As a “transport node” between the server and the client, we used WebSockets as the fastest way to deliver information.
To solve the cross-platform problem, we chose the Sock.JS library . Firstly, due to W3C compliance for WS, and secondly, Sock.JS is great for our needs.

So let's go. We launched the Node.js daemon on Amazon EC2's “cloud” capabilities. The application is deployed through git. The forever module is responsible for logging and restarting . By the way, Amazon has a very useful service - Amazon Cloudwatch . Its functionality allows you to monitor the main parameters of the system, and most importantly its dignity - customizable notifications that allow you to monitor only what is really important. To obtain detailed information about the state of the application, we use nodetime .
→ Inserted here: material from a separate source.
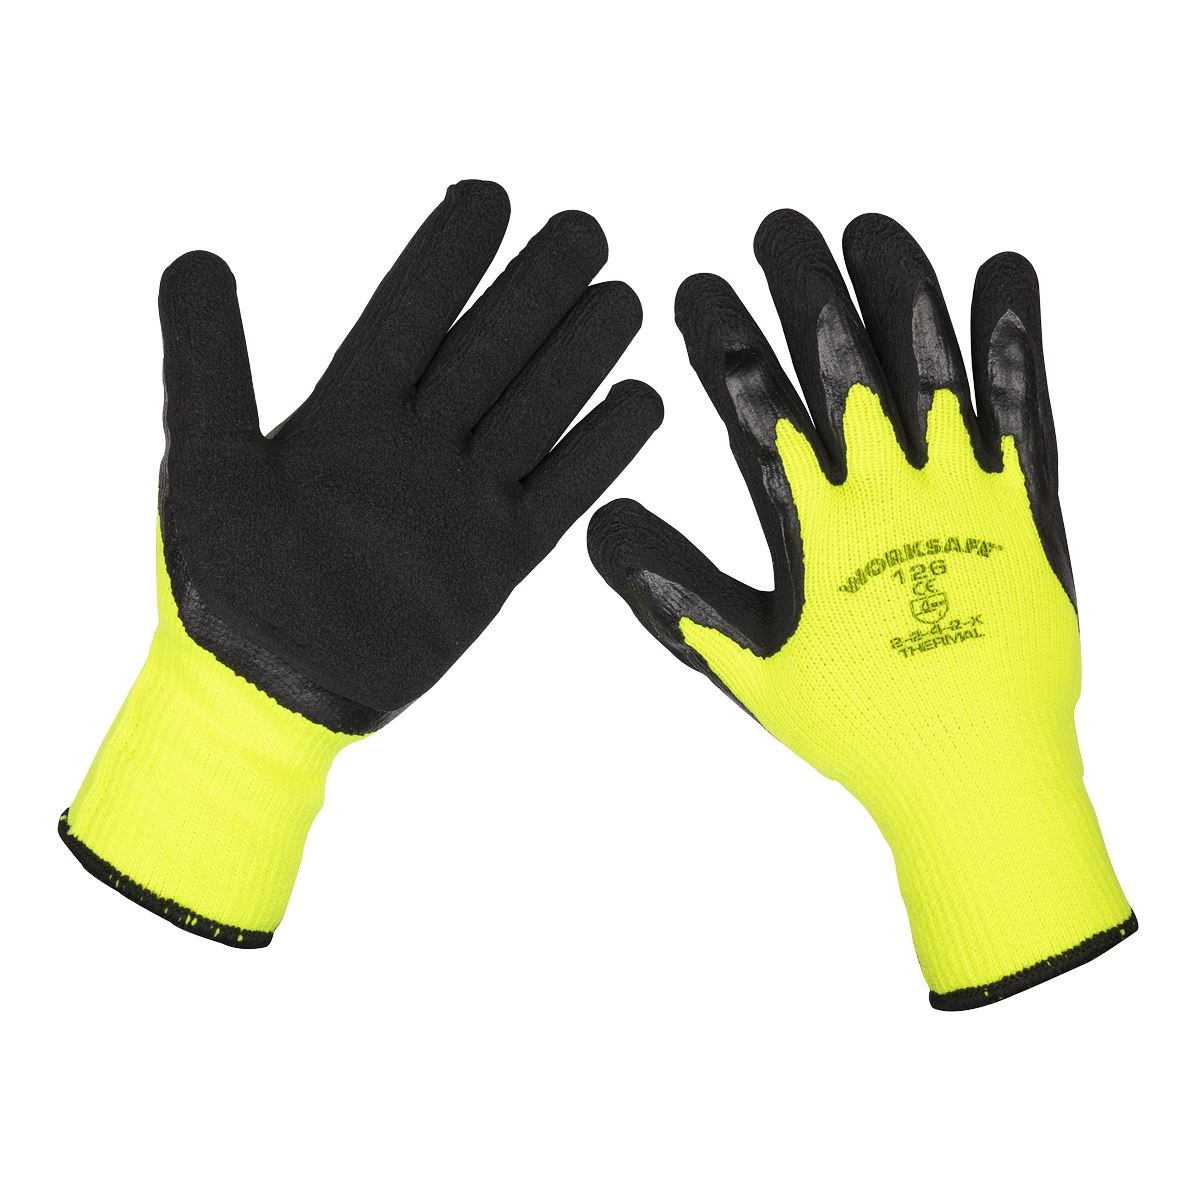 Worksafe by Sealey Thermal Super Grip Gloves (Large) - Pack of 6 Pairs

The dynode module is used as a driver for working with DynamoDB . He proved himself well, however, imperfect technical documentation added tar to the barrel of honey. Official Node.js SDKcame out of Amazon later and is still in the Developer Preview stage. In such a

█ Subtleties of Node.js
We paid special attention to the problem of user authorization on the dialog server. We are responsible for authorization on the server cookie. This is a very “expensive” solution in terms of speed, but it impresses with stability and security, plus an independent service-oriented architecture.
How it works? The user's cookies are sent via WebSockets to the dialog server → the dialog server checks the validity of the cookie by sending a request with the received cookie to our API, and it already sends the user data back. If the data was received without errors, the Dialog server does its job (authorizes) and sends the data to the user .
We know that many people practice LinguaLeo not only at home, but also at work. It often happens that corporate firewalls are configured excessively strictly, which is why all ports except standard ones are unavailable. We remember this, and for the WebSocket connection we use port 443 (without binding to https). This solution avoids potential network problems.
█ Features of DynamoDB
A little over a year ago, Amazon released a distributed NoSQL database - Amazon DynamoDB . At the stage of designing the system architecture, we faced a choice between two products: MongoDB and DynamoDB. We refused the first option because of difficulties with administration, and the choice fell on Amazon, since support was not required in the case of its product. Well, of course, it was interesting to “break in” the technology ourselves for further use.
It turned out that working with DynamoDB is very different from everything that we are used to seeing. Being a SaaS product, this thing taught us to take into account the time for an http request. Within the Amazon data center, the average query time is about 20 milliseconds, which is why we came to the conclusion: it is highly advisable to make all selections only through indexes (this is faster and cheaper), and scan requests should be used exclusively for analytics or migrations.
█ Data structure
Dialogs - storing dialogue metadata, caching the last message.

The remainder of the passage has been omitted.